6. All plans should be considered “fluid.”
Before I began the entertainment center I modeled it completely in 3D. I knew the exact measurements of every piece. This plan lasted until all the boards we cut, at which point I began to realize the 5 things above. I went back in one night after swearing at the pieces and redrew everything on a few pieces of paper, in pencil, with measurements scribbled in the margins. These measurements were the correct ones. $2,500 computer full of bleeding edge tech=wrong, $0.15 writing implement using 5000 year old technology=right. This is a tough lesson for a geek.

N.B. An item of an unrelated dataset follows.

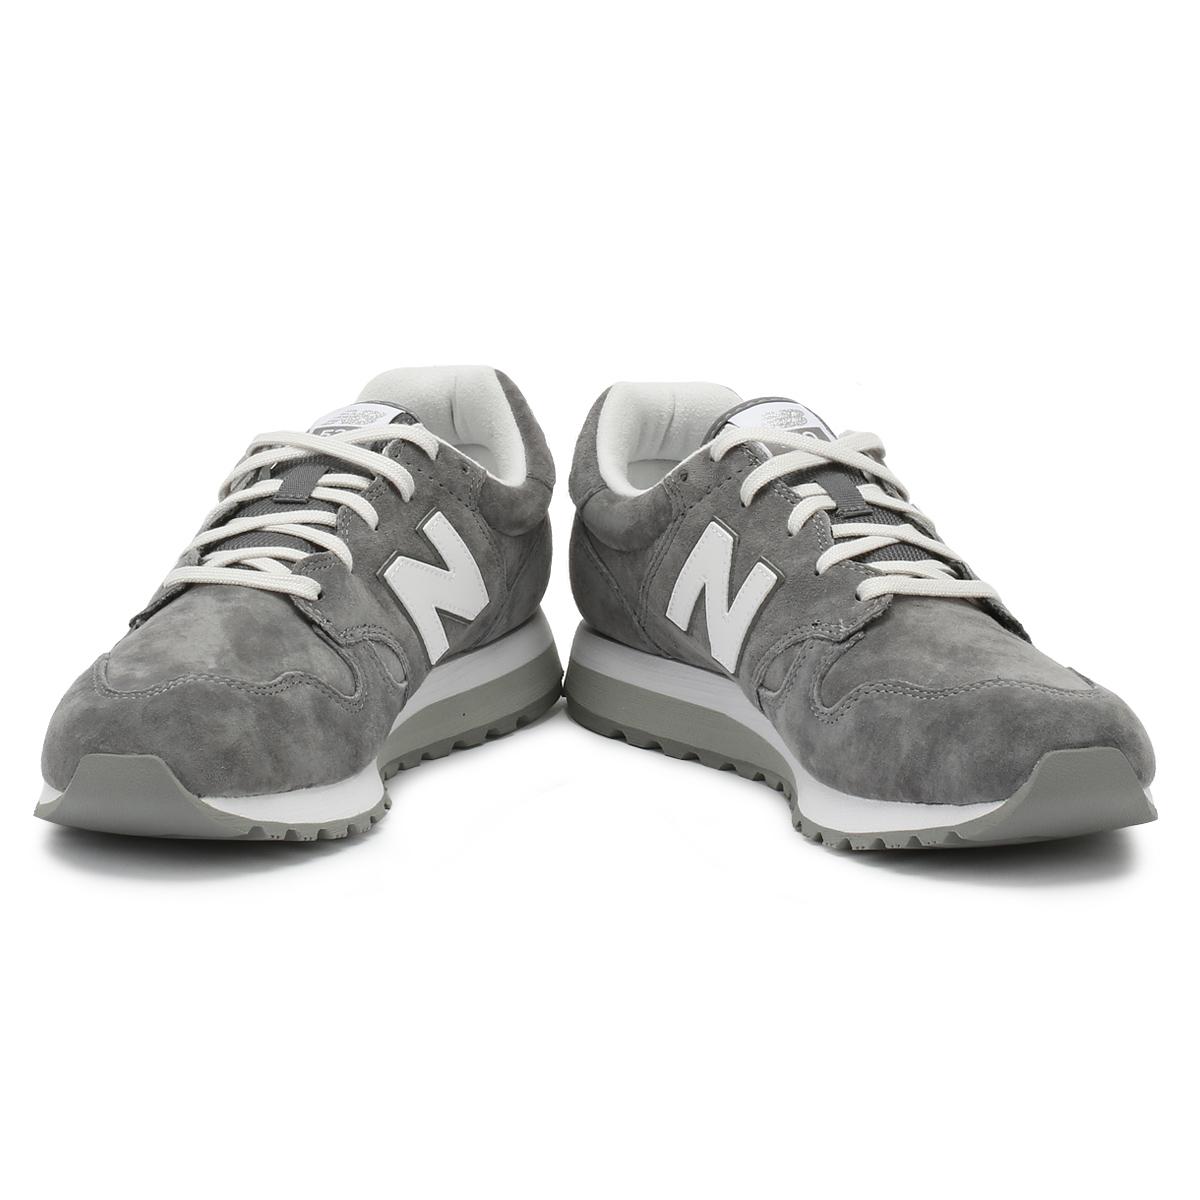 New Balance Damenschuhe Trainers Grau 520 Sport Classic Suede Lace Up Sport 520 Casual Schuhes ae838a

7. Wood comes in many thicknesses.
And neither of the 4 foot by 8 foot boards I purchased was ½”. This fact is amazingly important to take into account with using said wood to build things. In 3D land I can make it as thin as I like. In real life I have to buy the wood as available and re-plan the item to take these realities into account. Simply pretending that the boards are “close enough” won’t cut it.
8. Wood is a solid.
May seem obvious to all upright walking mammals, but not when you’re used to 3D Design. I can pass an object slightly through another object, just to make it look good. In the real world, I have to actually cut something to make it shorter and no amount of forcing will make the wood pieces pass through one another… not even a little. Interesting note, however: seriously heavy sanding is next best thing, if you don’t mind the board being a little wavy. I tried this today. Chalk one up for the fat-man!
9. Large physical objects are large… and heavy.
If I’m building a 3D statue of Zeus made of Steel, it weighs nothing. I can move it anyway with a minor flick of my hand. Spend 5 hours cutting wood and sanding it, however, and when it comes time to start holding these objects together to fasten them and you become keenly aware of their weight. Wood is heavy! Heavy + tired hands does not = precise, even if the boards were actually cut to the proper length.
10. Clean up
In the zany an unrestrained world of 3D design, one does not end up covered in wood chips and dust. A designer will never end up with his fingertips caked in dust while texturing. He will not nearly get hit in the eye with a wood-chip, while setting the length of the wood beam he’s creating. His mouse will not accidentally almost cut through it’s own cord when setting it down just after creating something. Not so much with the real world… if you thought sanding sucked before, sweeping it up sucks much more.
But despite all of this annoyance seemingly built into carpentry, I really, honestly do like it. It’s unspeakably cool to actually use something you made every day and to know that you made it and that you cut each piece with your own hands. I’d love to do more and the CPU case is officially the first sub-structure of the some-day desk I plan on building. I still have a lot to learn, especially about finishing the projects, staining and glazing and all that, but I’m still looking forward to it.
After all, I have a plan… and a fluid one at that.